Question

The line $x + y = 2$ touches a circle. If the centre of the circle is at $(-4,\,0)$, then the radius of the circle is

• A. $2\sqrt{2}$
• B. $\dfrac{3\sqrt{2}}{2}$
• C. $\sqrt{2}$
• D. $\dfrac{\sqrt{2}}{2}$
• E. $3\sqrt{2}$

Hint:

The perpendicular distance from point $(x_0,y_0)$ to line $ax+by+c=0$ is $\dfrac{|ax_0+by_0+c|}{\sqrt{a^2+b^2}}$. This equals the radius when the line is tangent to the circle.

Answer 1

Answer: (E)

Step 1: Understanding the Concept:
If a line is tangent to a circle, the radius equals the perpendicular distance from the centre to the line.
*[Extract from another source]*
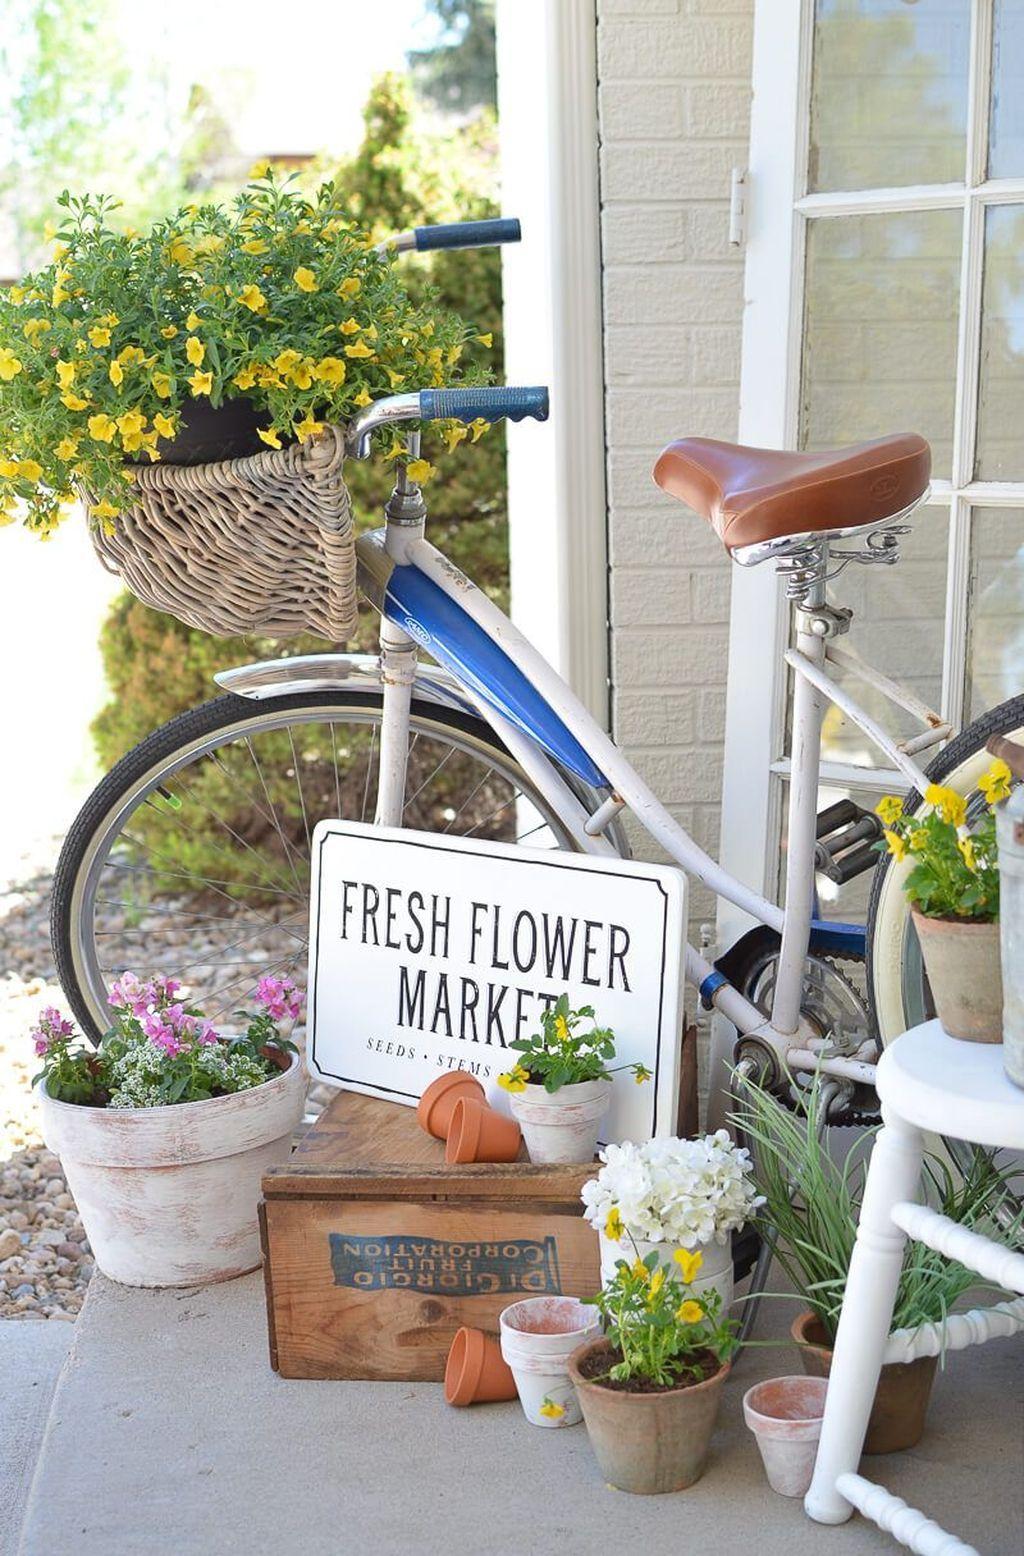 40 Gorgeous Spring Outdoor Decor Ideas Trendehouse Spring Porch Decor Spring Outdoor Decor Spring Porch

Step 2: Detailed Explanation:
Line: $x + y - 2 = 0$. Centre: $(-4,\,0)$.
Perpendicular distance $= \dfrac{|(-4) + 0 - 2|}{\sqrt{1^2+1^2}} = \dfrac{|-6|}{\sqrt{2}} = \dfrac{6}{\sqrt{2}} = 3\sqrt{2}$.

Step 3: Final Answer:
Radius $= 3\sqrt{2}$.